For convenience, I will refer to a ×3 (an octave plus a fifth) as a “large fifth”. You can think of a large fifth (or large third ×5, large seventh ×7, &c.) as “basically a fifth (third, seventh), with some extra octaves attached”. The important thing about these intervals is that they each have a unique harmonic quality that the others don’t.
Once again, the harmonic series
So the harmonic series is just the series of intervals ×1, ×2, ×3… and so on. Last time, we observed that the primes in this series introduced new interval qualities, whereas composite numbers consisted of combinations of previous intervals. I’ll summarize the first eleven steps of the series in a table using our new nomenclature.
| Interval | Prime factors | Constituent musical intervals |
|---|---|---|
| ×1 | ∅ | unison |
| ×2 | 2 | octave |
| ×3 | 3 | large fifth |
| ×4 | 2×2 | octave + octave |
| ×5 | 5 | large third |
| ×6 | 2×3 | octave + large fifth |
| ×7 | 7 | large seventh |
| ×8 | 2×2×2 | octave + octave + octave |
| ×9 | 3×3 | large fifth + large fifth (≡ M2) |
| ×10 | 2×5 | octave + large third |
| ×11 | 11 | large tritone |
Notes
- I mentioned this last week, but notice the equivalence between the prime factor column and the musical intervals column. Notice any time an interval has a prime factor of two, a corresponding octave shows up in its constituent musical intervals. The same applies for large fifths, large thirds, &c.
- Note that ×9 is congruent to a major second (a major second is ×9/8). This is the only composite interval we’ve seen made of two non-octaves (3×3, all the other composites have a 2 in their prime factor list).
- For ×11, “Large tritone” is kind of a weird name, because etymologically tritone implies the stacking of three “tones” (i.e. major seconds), which is not really a good way to describe ×11. There are systems of tuning in which you could consider ×11 to be a consonance, whereas the tritone is conventionally considered a dissonance. Really, at this point you are reaching the limits of how well we can map “traditional interval names” onto our numerically unlimited intervals.
5-limit tuning
With the right multiplications and divisions, we don’t have to use anything past ×5 to construct all the intervals we need to navigate conventional twelve-tone music.* I will just share the table for the intervals of a major scale for now, without further explanation, but next time, we’ll look in more depth at constructing many useful intervals.
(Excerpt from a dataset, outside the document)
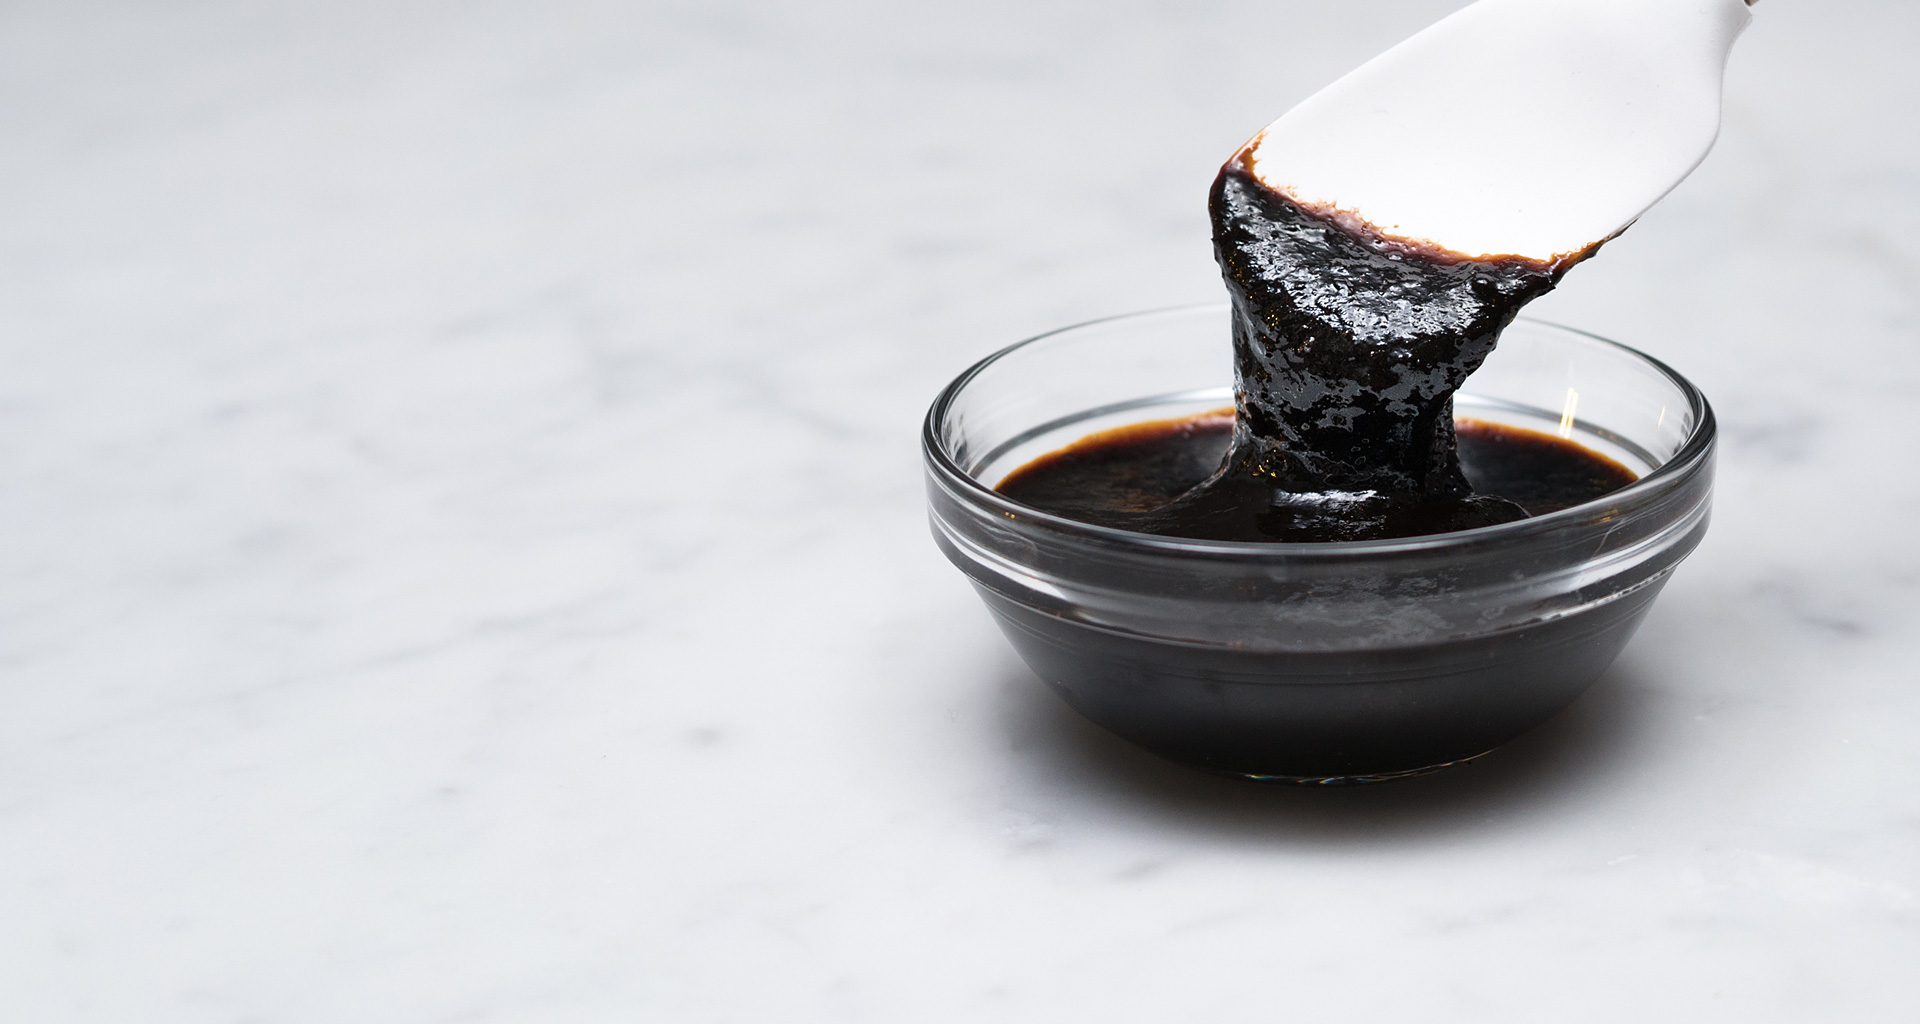 Made from a blend of Dried Plums and Prune Juice Concentrate, this prune puree is high in sorbitol and has a tangy flavor similar to molasses.

| Interval | Prime factors | Musical interval name | Solfège |
|---|---|---|---|
| ×1 | ∅ | unison | do |
| ×9/8 | 3×3 / 2×2×2 | major second | re |
| ×5/4 | 5 / 2×2 | major third | mi |
| ×4/3 | 2×2 / 3 | perfect fourth | fa |
| ×3/2 | 3 / 2 | perfect fifth | so |
| ×5/3 | 5 / 3 | major sixth | la |
| ×15/16 | 3×5 / 2×2×2×2 | major seventh | ti |
| ×2 | 2 | octave | do' |
Have you heard any just intonation music?
Are you interested in writing it?
Does the new approach I’m trying work for you?
Let me know your thoughts at my Ctrl-C email: gome @ ctrl-c.club.
Next post in series
Just intonation: 5-limit tuning
How do you build intervals out of primes?
* You can also get all the intervals just with combinations of ×2 and ×3, but I think it’s kind of boring compared to 5-limit. Still worth reading about for further learning.